Supplement: In OSX, the difference between hard connection and soft connection is that hard connection is the same as the file method I used to operate on (as I mentioned above, previously, the file itself is a hard connection), and the file system calculates the same space, while the size of the soft connection file will be a very small value, usually only a few bytes. In addition, the operations on the soft connection will eventually be mapped to the operations on the corresponding file. Of course, we can also use the nsfilemanager destinationofsymboliclinkatpath: Error: method and the stringbyresolvingsymlinksinpath method of nsstring to convert to the original file path.

The above is my explanation of hard link and symbolic link. If you are passing by, please ignore it!

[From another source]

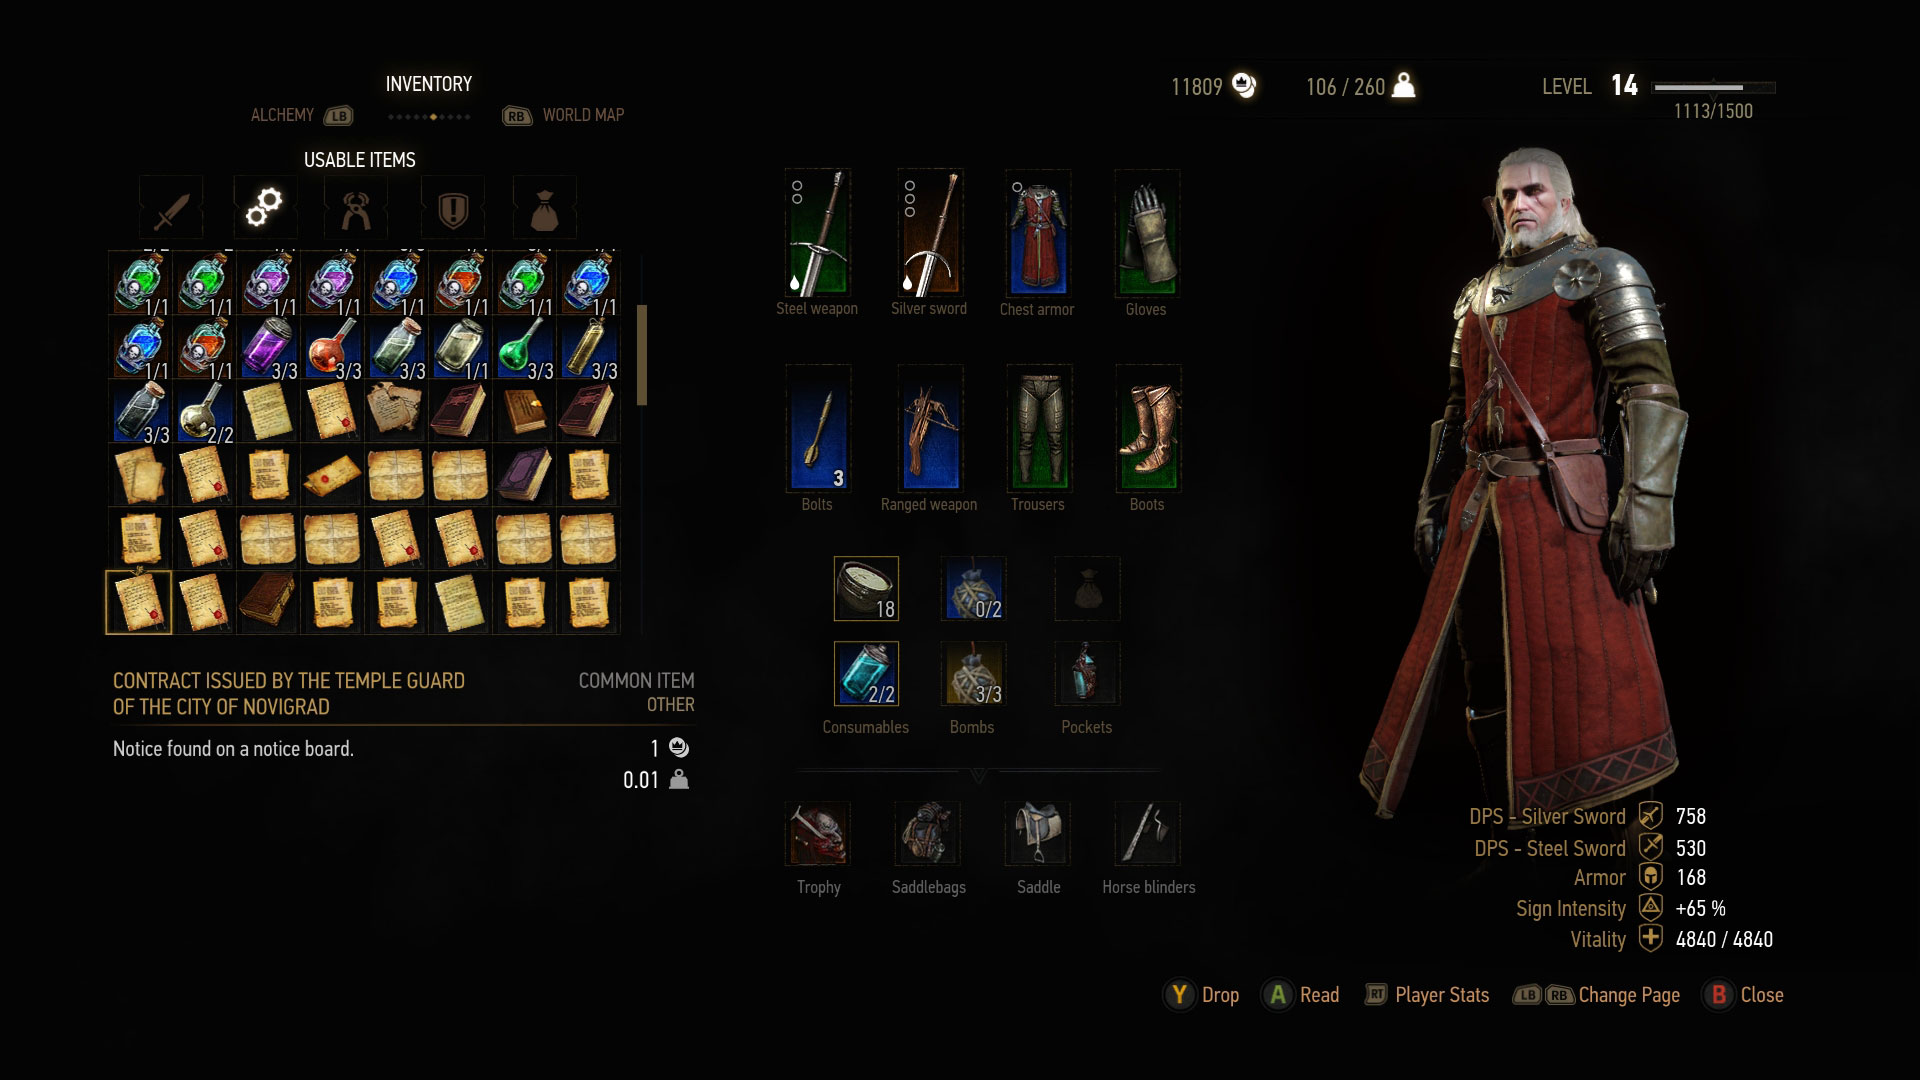 The Witcher 3: Wild Hunt inventario

The experiment has already made me understand and confirm the difference between hard link and symbolic link, in OSX, right-click to create a proxy. In this way, the connection type is Shenma connection ?? Experiment 1 eliminates the possibility of hard connection, but the nsfiletype obtained by nsfilemanager is nsfiletyperegular (common file type), which is not a soft-connection nsfiletypesymboliclink type, in addition, if it is a folder replacement, using the nsfilemanager syntax contentsofdirectoryatpath: Error: In the Code does not produce any results, which is also in conflict with the soft connection type, so I guess this is a connection file type created by OSX, and there is no experiment!

Contact Us

The content source of this page is from Internet, which doesn't represent Alibaba Cloud's opinion; products and services mentioned on that page don't have any relationship with Alibaba Cloud. If the content of the page makes you feel confusing, please write us an email, we will handle the problem within 5 days after receiving your email.

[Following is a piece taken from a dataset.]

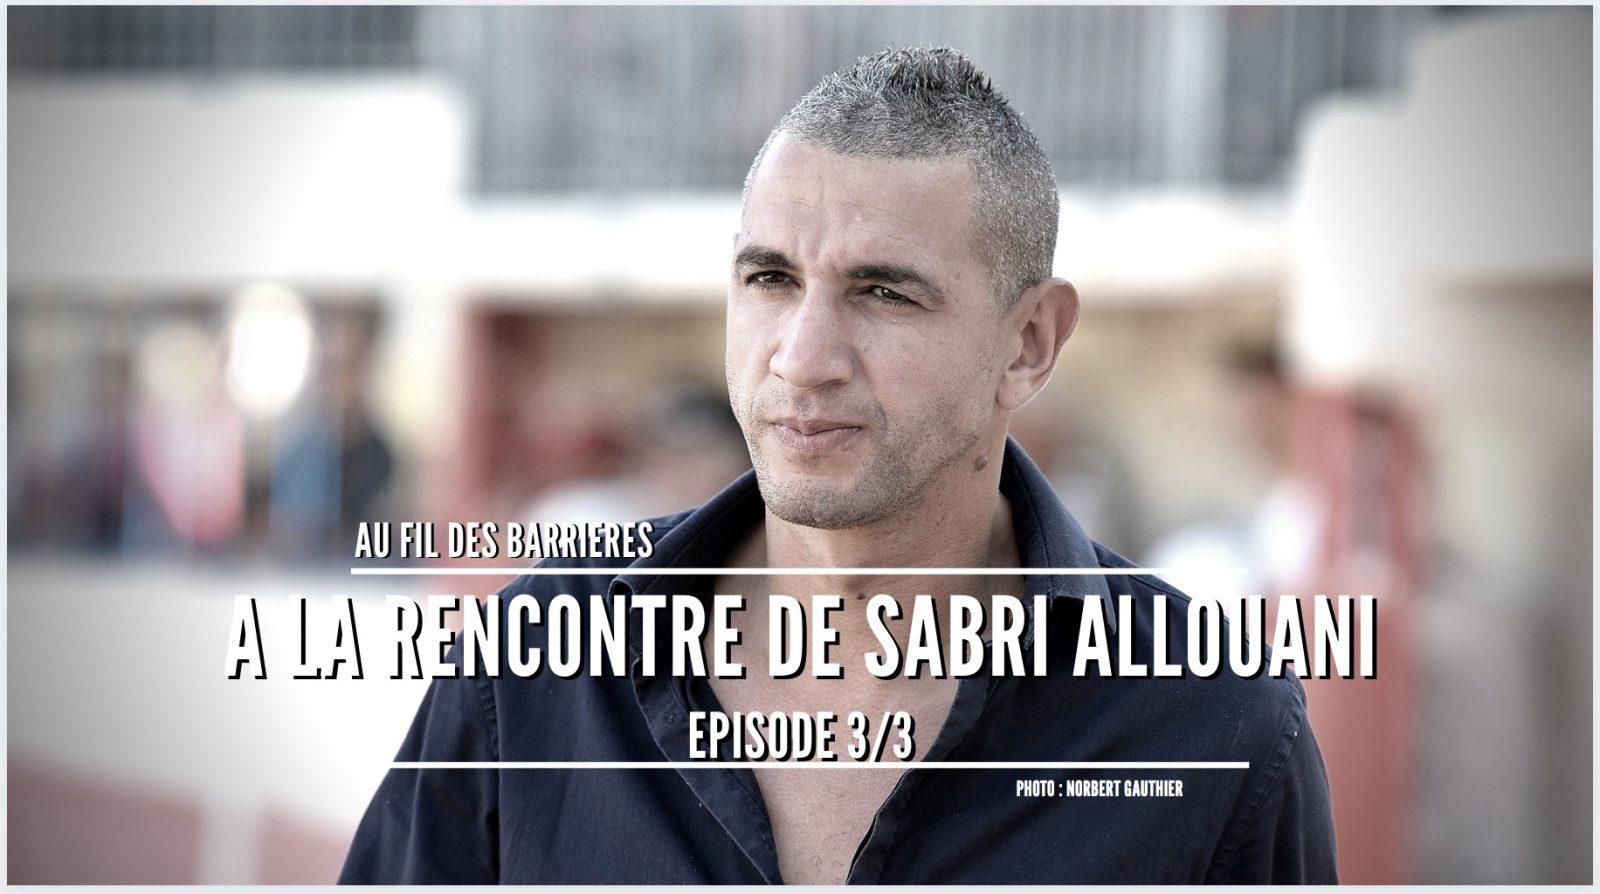 VIDEO // A la rencontre de Sabri Allouani – Episode 3/3

If you find any instances of plagiarism from the community, please send an email to: info-contact@alibabacloud.com and provide relevant evidence. A staff member will contact you within 5 working days.

A Free Trial That Lets You Build Big!

Start building with 50+ products and up to 12 months usage for Elastic Compute Service

  • Sales Support

    1 on 1 presale consultation

  • After-Sales Support

    24/7 Technical Support 6 Free Tickets per Quarter Faster Response

  • Alibaba Cloud offers highly flexible support services tailored to meet your exact needs.